30.Scrapy 对接 Selenium

Scrapy 对接 Selenium（参考代码网址，https://github.com/Python3WebSpider/ScrapySeleniumTest） 

此文就是参考书上的代码拿下来跑，作为借鉴，很多地方都不是很理解，也是我第一次使用mongodb入库数据，一直用的都是mysql对mongodb这种关系型数据库用的并不多，今天就是拿代码跑一下理解作者的整个思路有待消化。

主要核心： Downloader Middleware 的方式实现 Selenium的对接。

缺点：此方法是阻塞式的，破坏了Scrapy异步处理的逻辑，速度会影响（还给出了Scrapy 对接 Splash方法）。

taobao.py

# -*- coding: utf-8 -*-

from scrapy import Request, Spider

from urllib.parse import quote

# quote适用于单个字符

from scrapyseleniumtest.items import ProductItem

class TaobaoSpider(Spider):

    name = 'taobao'

    allowed_domains = ['www.taobao.com']

    base_url = 'https://s.taobao.com/search?q='

    def start_requests(self):

        for keyword in self.settings.get('KEYWORDS'):

            for page in range(1, self.settings.get('MAX_PAGE') + 1):

                url = self.base_url + quote(keyword)

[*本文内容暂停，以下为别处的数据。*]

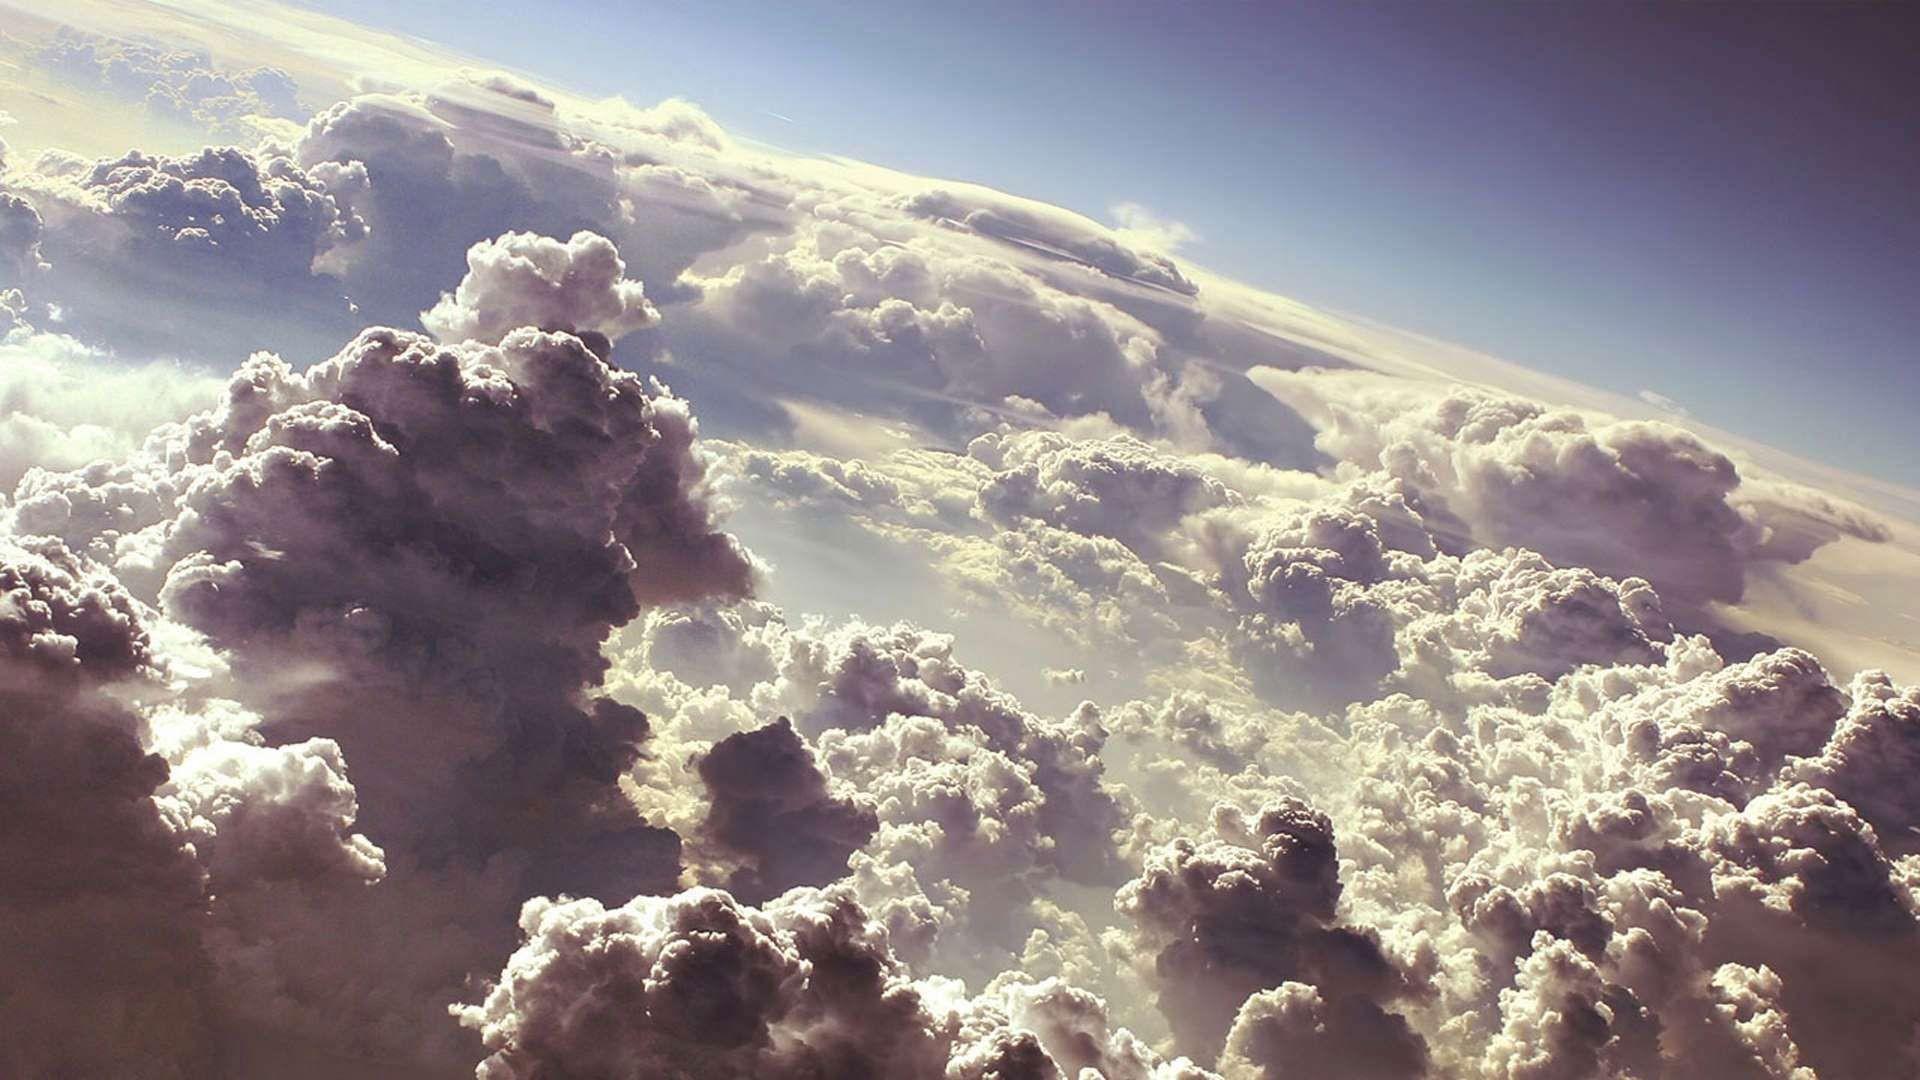 Res: 1920x1080, hd pics photos stunning attractive clouds 5 hd desktop background wallpaper

                yield Request(url=url, callback=self.parse, meta={'page': page}, dont_filter=True)

                #分页页码page传递参数，设置dot_filter不去重

    def parse(self, response):

        products = response.xpath(

            '//div[@id="mainsrp-itemlist"]//div[@class="items"][1]//div[contains(@class, "item")]')

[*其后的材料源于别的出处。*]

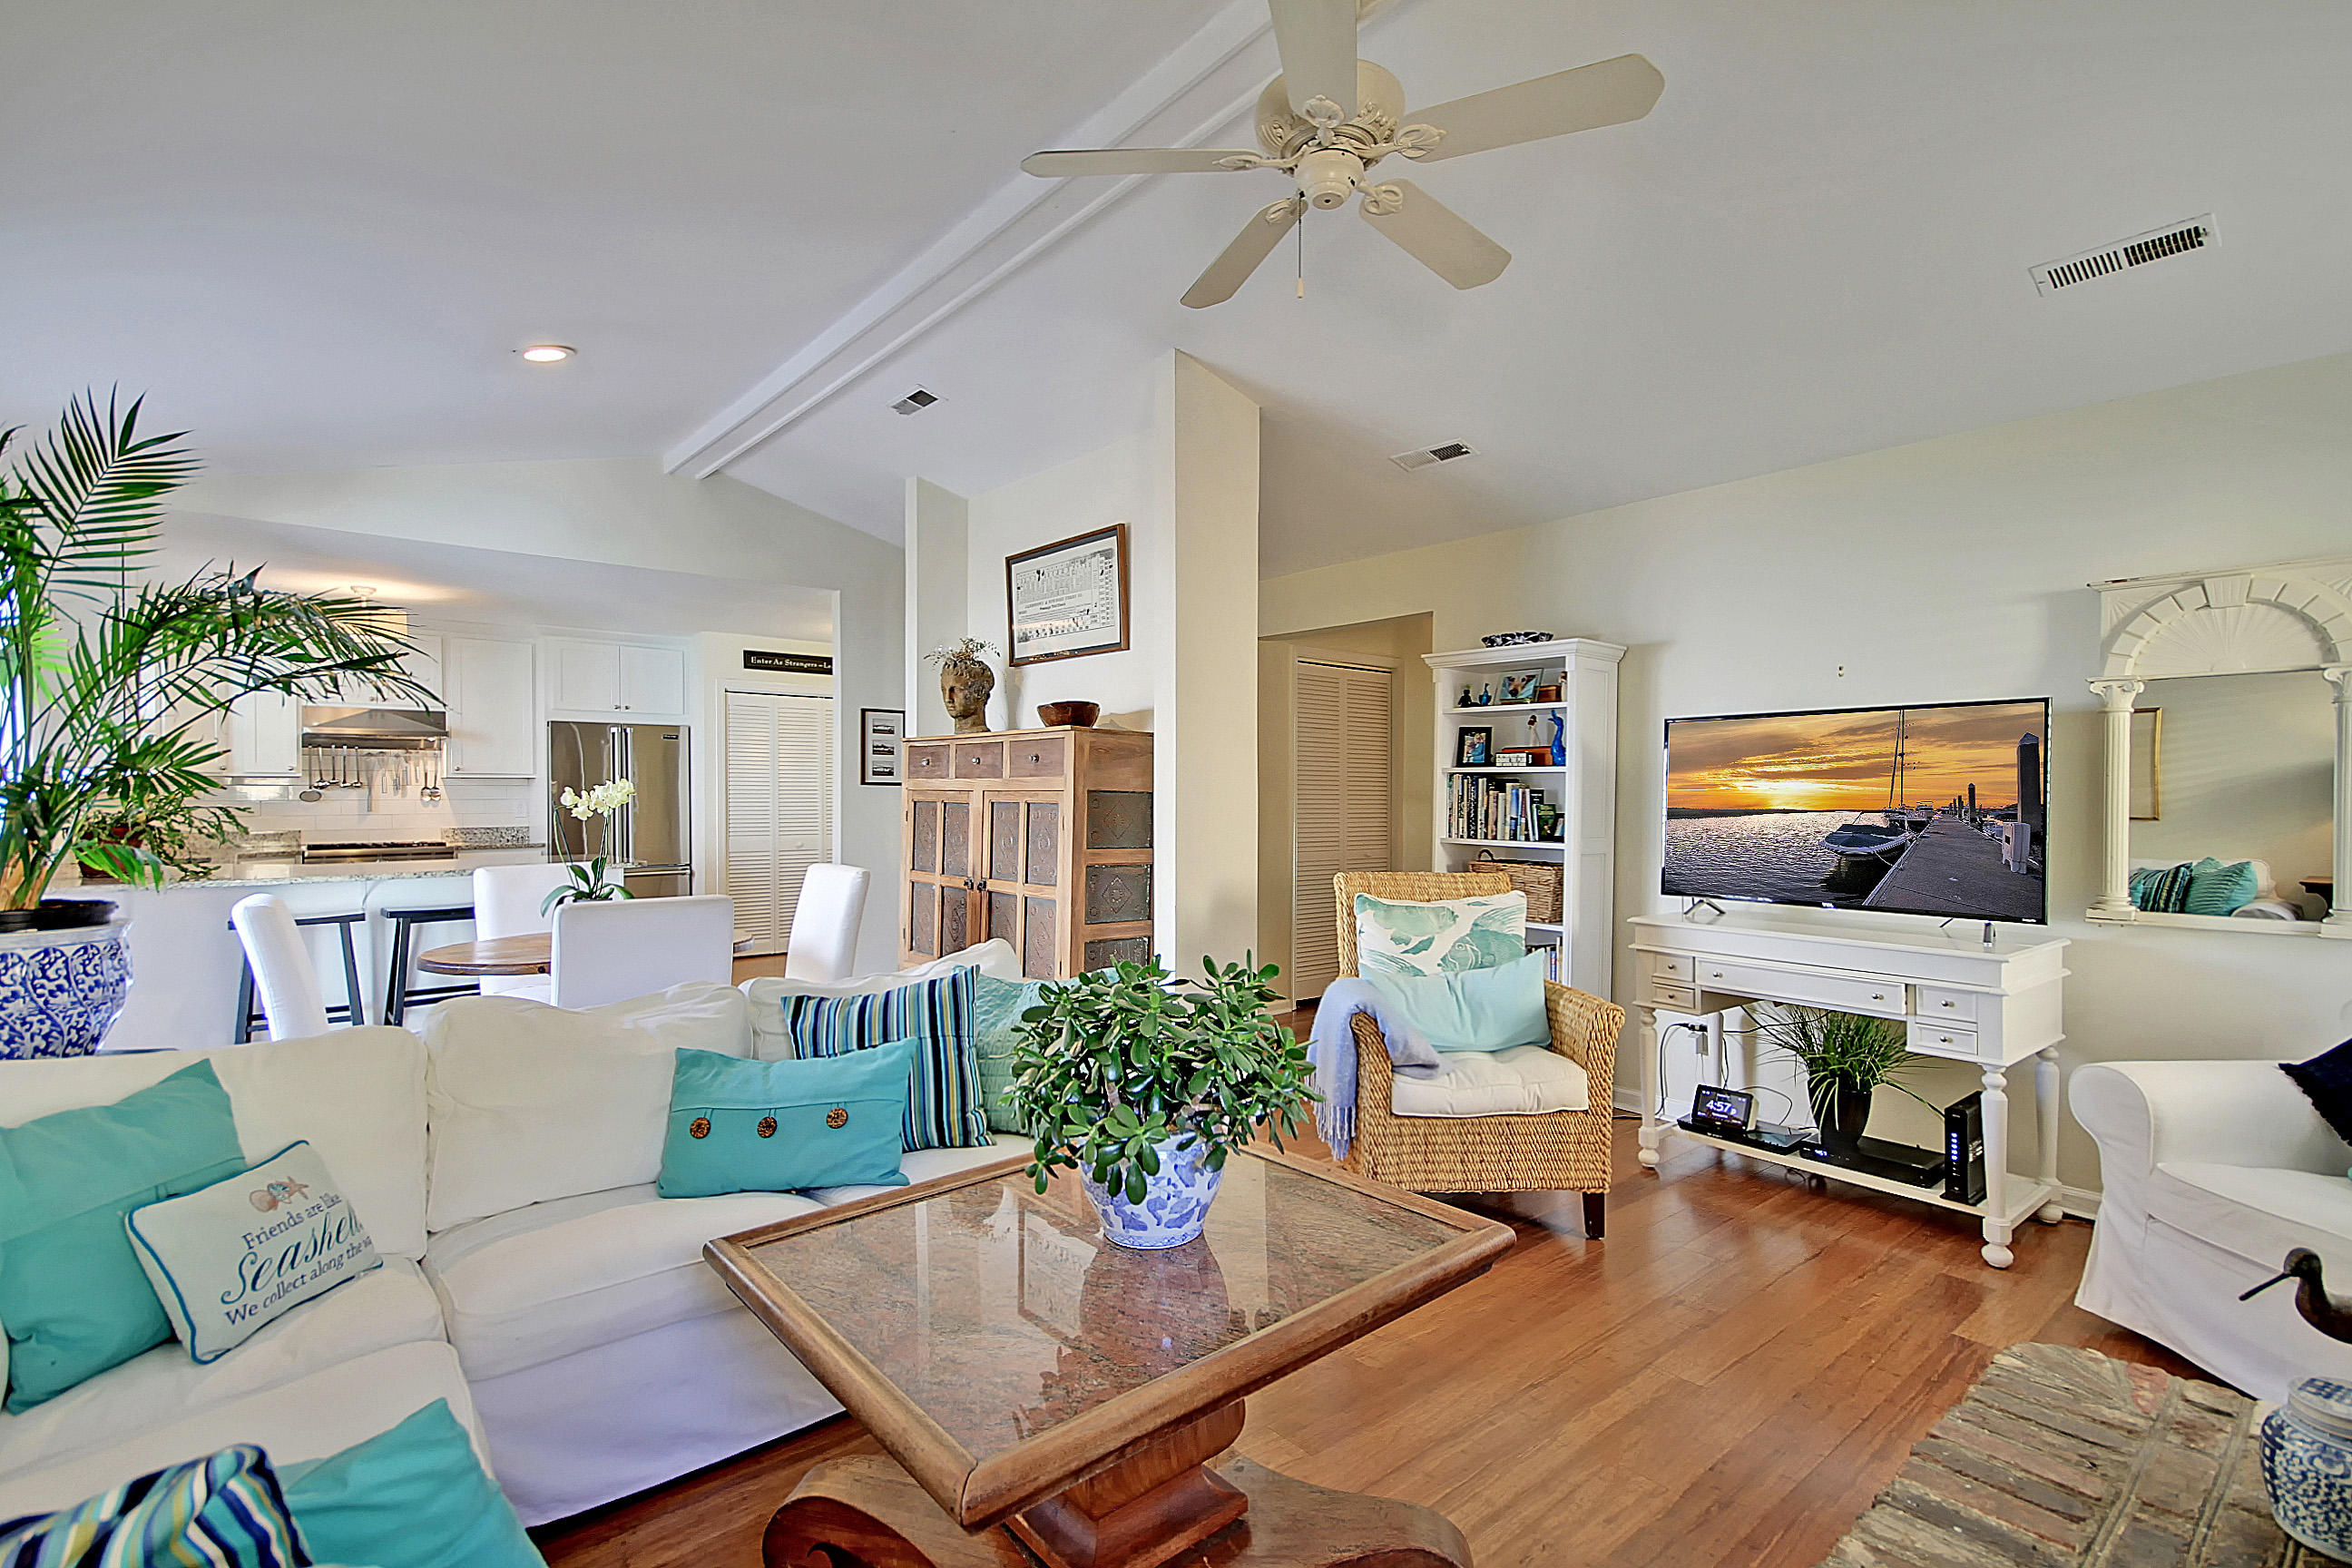 Pirates Cove Homes For Sale - 1492 Ketch, Mount Pleasant, SC - 0

        for product in products:

            item = ProductItem()

            item['price'] = ''.join(product.xpath('.//div[contains(@class, "price")]//text()').extract()).strip()

            item['title'] = ''.join(product.xpath('.//div[contains(@class, "title")]//text()').extract()).strip()

            item['shop'] = ''.join(product.xpath('.//div[contains(@class, "shop")]//text()').extract()).strip()

            item['image'] = ''.join(product.xpath('.//div[@class="pic"]//img[contains(@class, "img")]/@data-src').extract()).strip()

            item['deal'] = product.xpath('.//div[contains(@class, "deal-cnt")]//text()').extract_first()

            item['location'] = product.xpath('.//div[contains(@class, "location")]//text()').extract_first()

            yield item

items.py

# -*- coding: utf-8 -*-

# Define here the models for your scraped items

#

# See documentation in:

# http://doc.scrapy.org/en/latest/topics/items.html

from scrapy import Item, Field

class ProductItem(Item):

    collection = 'products'

    image = Field()

    price = Field()

    deal = Field()

    title = Field()

    shop = Field()

    location = Field()

midddlewares.py (对接关键点)

# -*- coding: utf-8 -*-

from selenium import webdriver

from selenium.common.exceptions import TimeoutException

from selenium.webdriver.common.by import By

from selenium.webdriver.support.ui import WebDriverWait

from selenium.webdriver.support import expected_conditions as EC

from scrapy.http import HtmlResponse

from logging import getLogger

class SeleniumMiddleware():

    def __init__(self, timeout=None, service_args=[]):

        self.logger = getLogger(__name__)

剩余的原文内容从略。